### Data below

◆ ◆ ◆ ◆ ◆ ◆ ◆

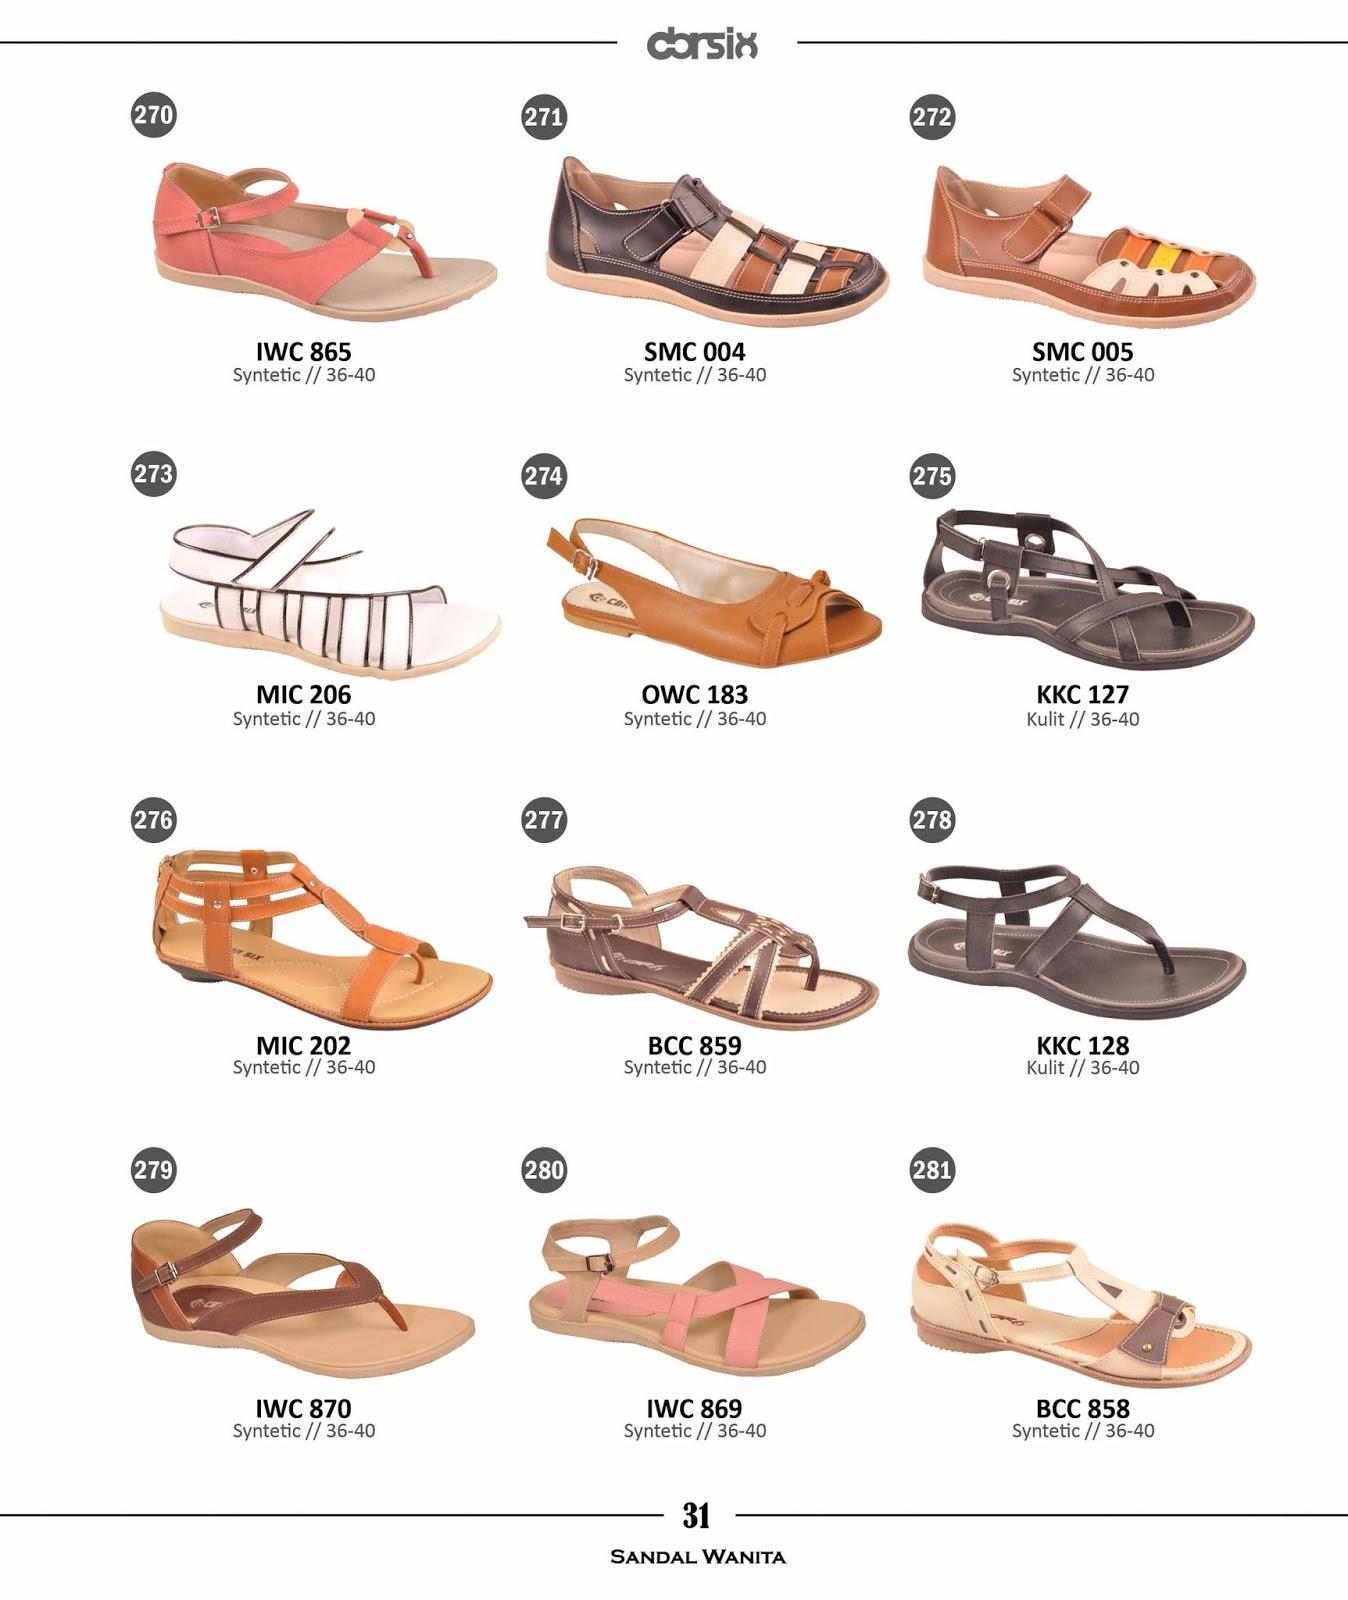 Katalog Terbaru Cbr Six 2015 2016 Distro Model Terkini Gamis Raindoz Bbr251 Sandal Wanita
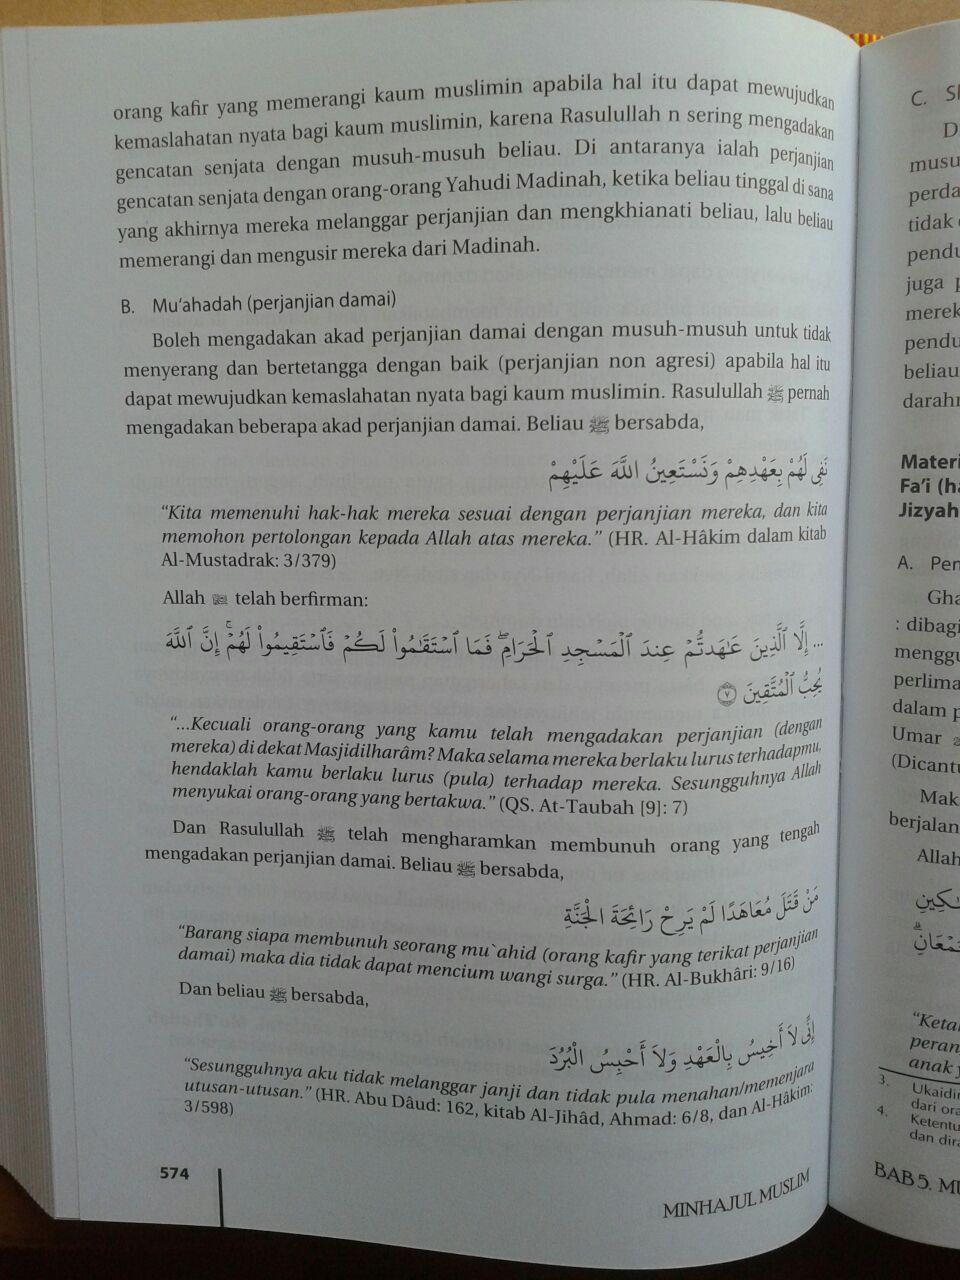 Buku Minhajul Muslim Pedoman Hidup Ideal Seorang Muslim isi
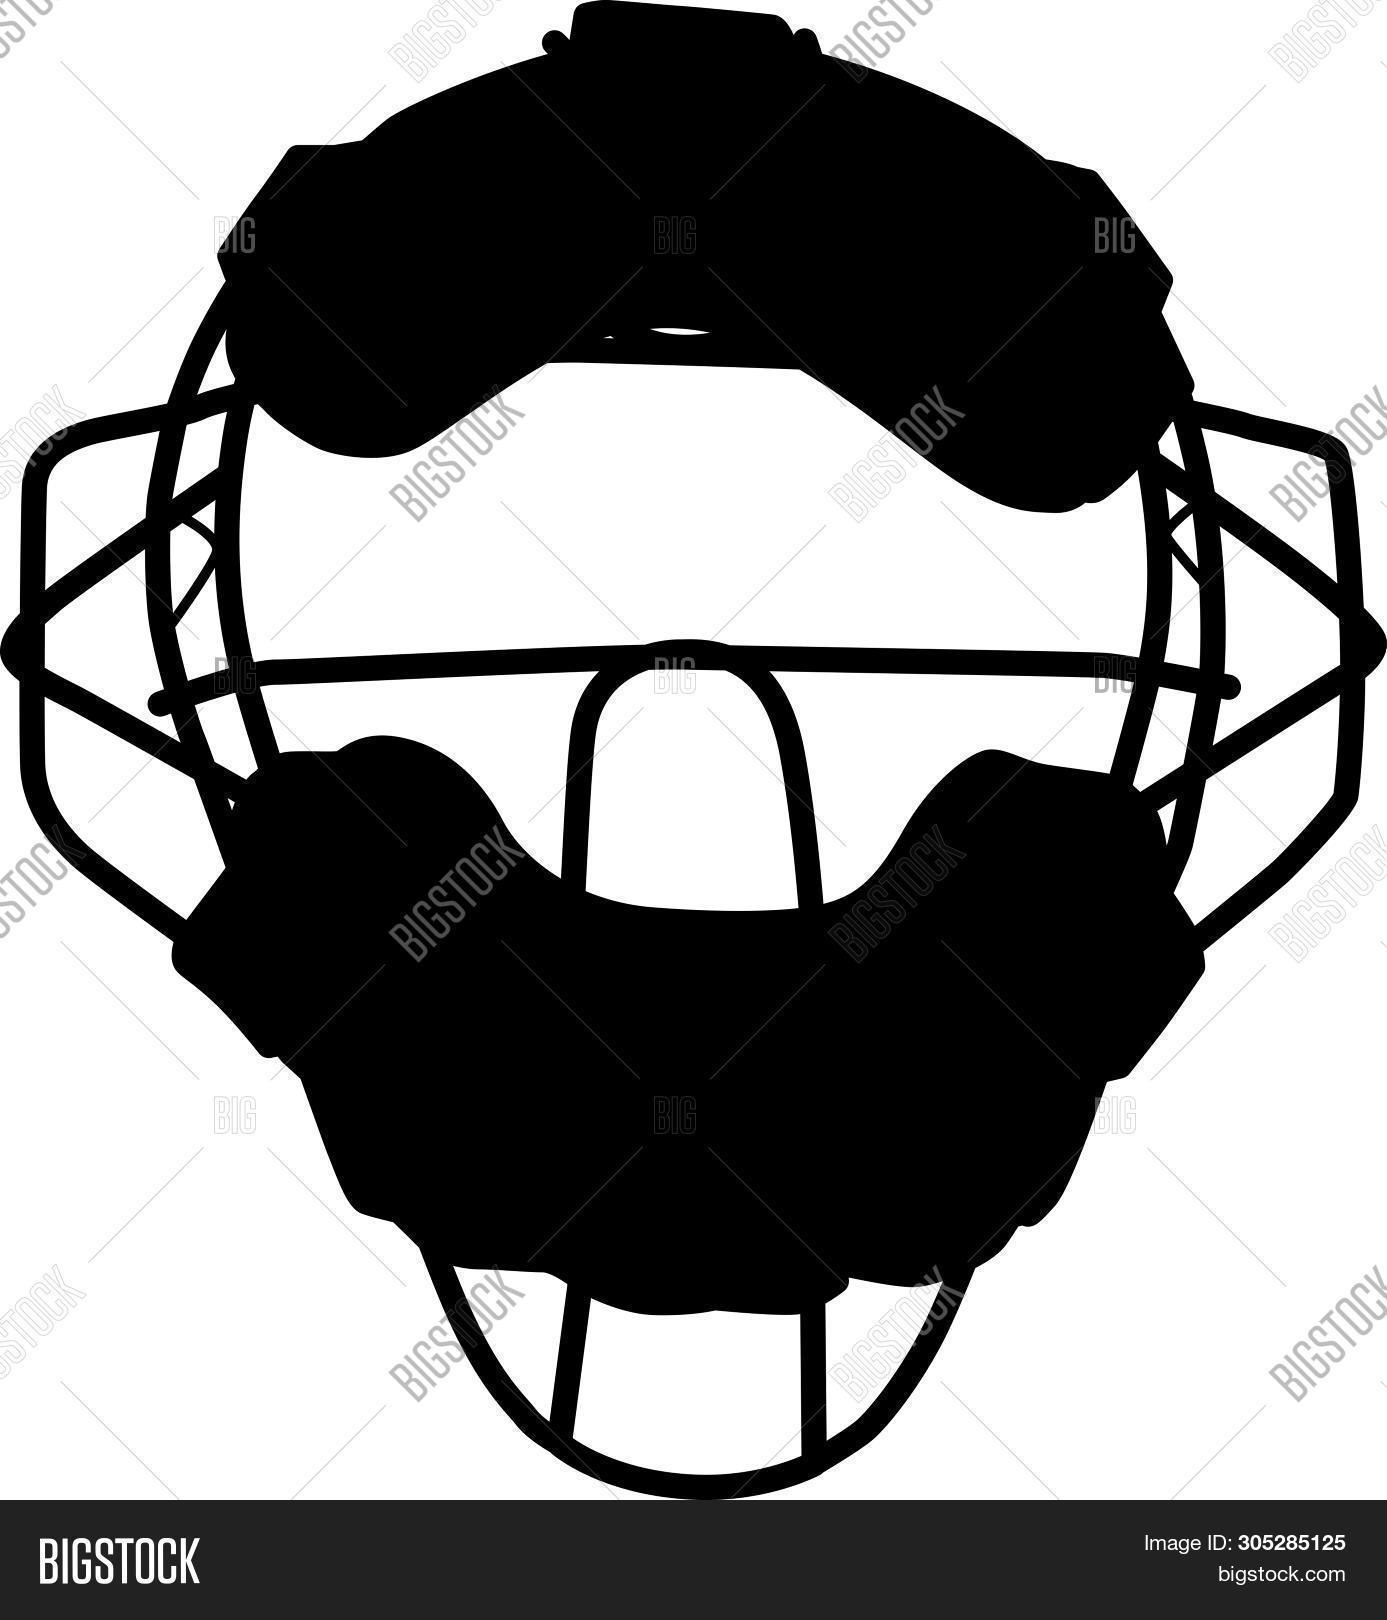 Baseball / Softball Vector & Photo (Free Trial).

◆ ◆ ◆ ◆ ◆ ◆ ◆

### Try it
In your copy of the listing above, every line must match exactly and no picture may appear.

### Answer space
 Katalog Terbaru Cbr Six 2015 2016 Distro Model Terkini Gamis Raindoz Bbr251 Sandal Wanita
 Buku Minhajul Muslim Pedoman Hidup Ideal Seorang Muslim isi
 Baseball / Softball Vector & Photo (Free Trial).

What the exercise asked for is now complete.